ENEM 2015 - A persistência da violência contra a mulher na sociedade brasileira
Enviada em 11/09/2019
De acordo com o sociólogo Émile Durkheim, as relações antrópicas são preestabelecidas por uma condição, a qual ele nomeia “fato social”; este obriga o indivíduo adaptar se às regras da sociedade. Por conseguinte, está condição explica a problemática da persistência da violência contra a mulher, pois apesar das leis protecionistas o patriarcalismo é uma infeliz regra da sociedade brasileira, a qual causa uma série de transtornos nas mulheres fazendo com que elas não denunciem seus agressores, aumentando assim os casos de violências.
Em primeiro lugar, quando Durkheim diz: “O homem é mais do que formador da sociedade, é um produto dela.” Ele exemplifica o impasse motivado pela permanência da violência contra a mulher advinda do patriarcalismo, pois este condiciona o pensamento feminino a ser considerado inferior, causando transtornos psíquicos em suas vítimas; assim sendo a mulher se torna um produto da sociedade estereotipado como propriedade do homem. Destarte, em uma de suas séries “coisa mais linda” a netflix exemplifica muito bem esse patriarcalismo mostrando a realidade da vida da mulher nos anos 80, quando a mulher ainda não tinham autonomia na sociedade e eram consideradas propriedades de seus maridos
Em segundo lugar, Durkheim também exemplifica o porquê do egocentrismo do homem quando fala: " Nosso egoísmo é, em grande parte, produto da sociedade”. Este por sua vez justifica o fato da mulher ser analisada muitas vezes como objeto, pois o egoísmo do homem em geral leva-o a pensar ser superior. Contudo, apesar dos avanço e da liberdade que as mulheres adquiriram ao longo do tempo, a violência contra a mesma continua presente na sociedade contemporânea. Por este fator, elas tem medo de os denunciarem, uma vez que apenas 33,4% dos processos são julgados. Entretanto, a violência contra a mulher é uma das manifestações da desigualdade de gênero, fundada em uma cultura patriarcal impregnada de valores sexistas, existente desde a colonização até a atual conjuntura do país.

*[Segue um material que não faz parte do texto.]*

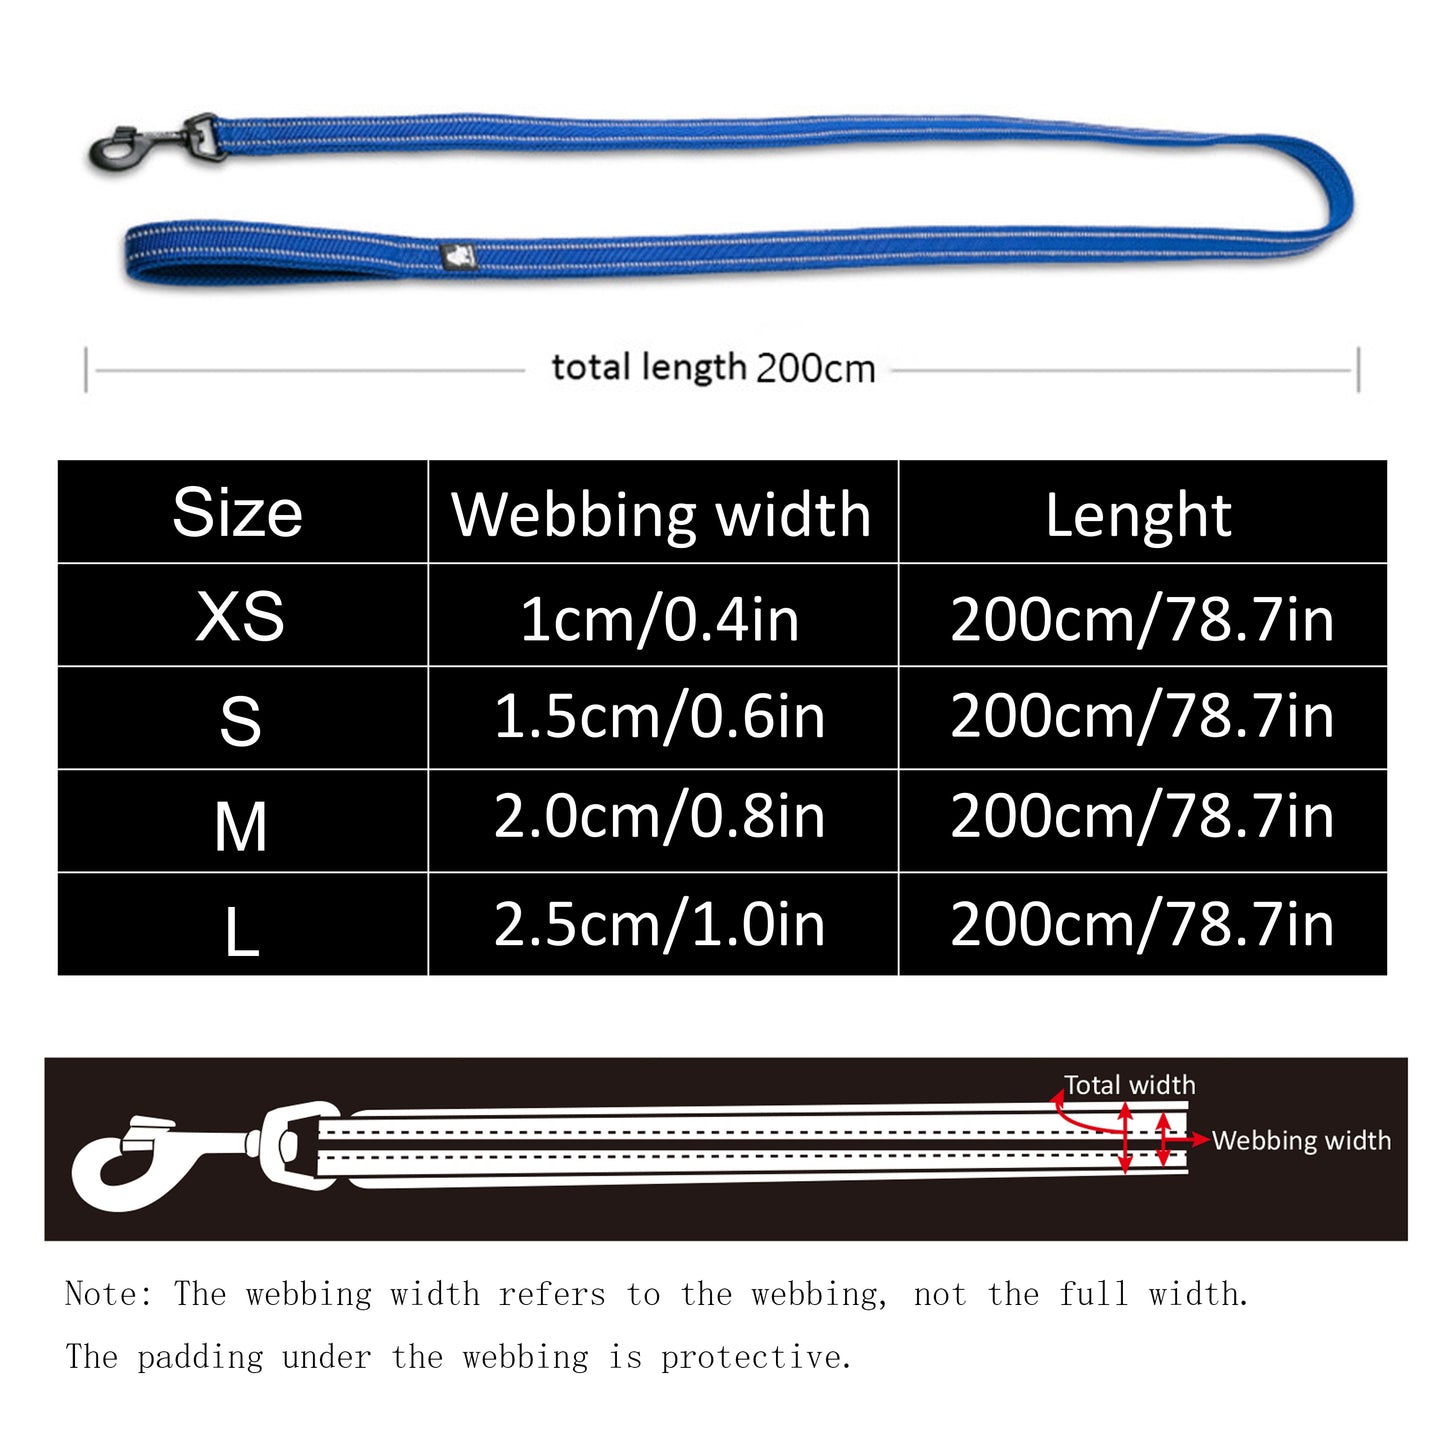 Reflective Mesh Padded Pet Leash: Comfortable Nylon Training Lead for Dogs and Cats - 11 Color Options, 200cm Length

Portanto, medidas são necessárias para solução deste. Ademais, é necessário que o ministério da justiça junto à polícia federal crie uma ouvidoria pública anônima, onde mulheres tenham uma segurança ao denunciar; também é necessário que o conjunto de defesa brasileiro (ministérios, policiais, delegacias e governo) implante políticas mais eficientes que possam aumentar a quantidade de casos julgados, fazendo com que a mulher se sinta mais segura e confiável ao denunciar. Outrossim, promovendo um maior bem estar da sociedade pois de acordo com Platão a qualidade de vida vem a frente da própria existência.